不過畫到後面的時候可以感覺到自己沒有那麼有耐心，只想著"隨便啦、趕快把這張結束掉"，這個部分，後面的臨摹要注意，雖然我覺得之後應該是不會有這種情況
整體看起來有點粗糙，跟以前試畫的兩張照片臨摹細緻度差太多，無法以假亂真除非放的超遠
顏色也有點髒掉，
漸層這次有點苦手，要找到方法讓它再糊一些，
疊圖的時候發現位置偏右了
然後這次偷懶了，在抓燭芯顏色的時後直接吸原圖上色，因為光影影響和燭芯原色的認知相衝突，苦手抓不太出來
燭芯的輪廓是比較銳利的，但這次也不知道為甚麼就是處理不好，所以放大的時候看起來髒到爆
左下的藍色線，我猜是應該換用噴槍處理，效果才不會這麼銳利

可以讚許自己的地方是，這次下筆比較乾脆大膽，不像以前試畫的時候圖放超大
自己吸色對答案了一下，感覺顏色抓的還算準，雖然不免就是有跑掉

*筆記：
引用出處*
"用噴槍或柔邊筆刷，透明度調低一點來畫漸層"
"噴槍筆刷直徑調大會比較好處理漸層"

----------


## Ghostalker

这里确实可以算是清修之地了，不过相应的坏处就是可能也只有我这样不专业的人前来互动 :wuffer_glee: 

我很久之前放弃了造型绘画转设计方向，因为觉得自己更喜欢画设计稿，所以在造型绘画方面的发言权，已经是越来越低了。其实我觉得画有的时候伴随着笔触才会更有味道，不过既然你追求继续增加渐变，大概是因为你想追求的是超写实（photo-realistic）吧！那种图感觉画起来超级累，在最后的细节上失去耐心大概也是情有可原的。我觉得目前这张其实可能会比真正复制一张照片出来更好看，不过画画本来就是每个人追寻自己心中的美的过程啦。

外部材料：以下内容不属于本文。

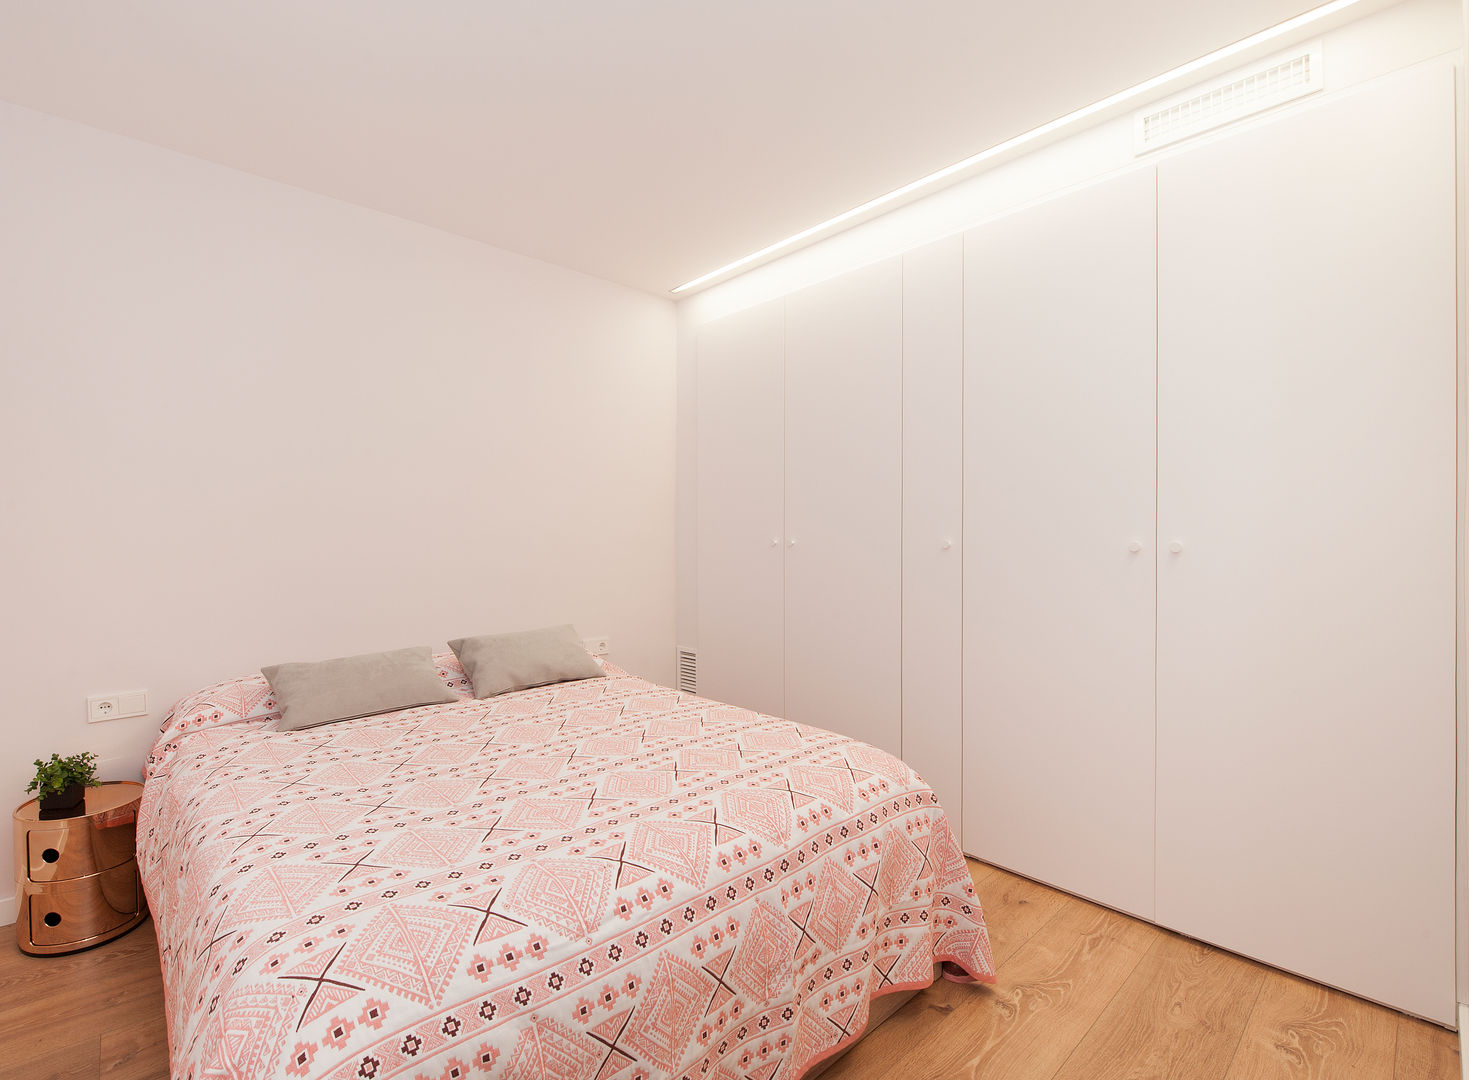 Restaurar la Armonía y el Equilibrio con el Feng Shui en este Apartamento en Barcelona, Cristina Jové Cristina Jové Camera da letto moderna Letti e testate

要说找不同的话，我觉得蜡烛上不论纵向还是横向都有一种“不均匀感”。从上到下就不用说了，单纯的渐变处理不均匀；而从左到右看的话，第一原图最两侧的边缘并没有那么明显的发亮，感觉在绘画中被夸张了；第二就是中间区域原图并没有很明显的转亮，而且这块区域向下延伸并不长，在绘图中则能看出中间偏右处有一条明显亮带向下延伸。

此外，火苗边缘的右下角，虽然追求锐利的处理，但是相比起原图而言却又用力过猛了，外围光晕的色阶少了一个过渡层（大概描述的话，是核心周围应该还有一个“次亮层”，但是在火苗右侧这一层过渡得比较生硬），也加剧了这种感觉。反而火苗正下方，原本蜡烛的轮廓是非常清晰的，在绘画里却有点模糊呢。还有就是灯芯的塑造比原图更“清楚”，感觉少了“从蜡烛到观众中间的那层光晕”。另外火苗的上边缘感觉就是边缘分明的双色阶……这个过渡和原图应该算差得蛮多的？

其余的差别，就只有你上面提到的火苗轮廓有点靠右延伸啦。这种图真的很容易画到眼花，很多时候都只能找别人来挑错，但是挑到这里我眼也花了，哈哈 :wuffer_frown:

----------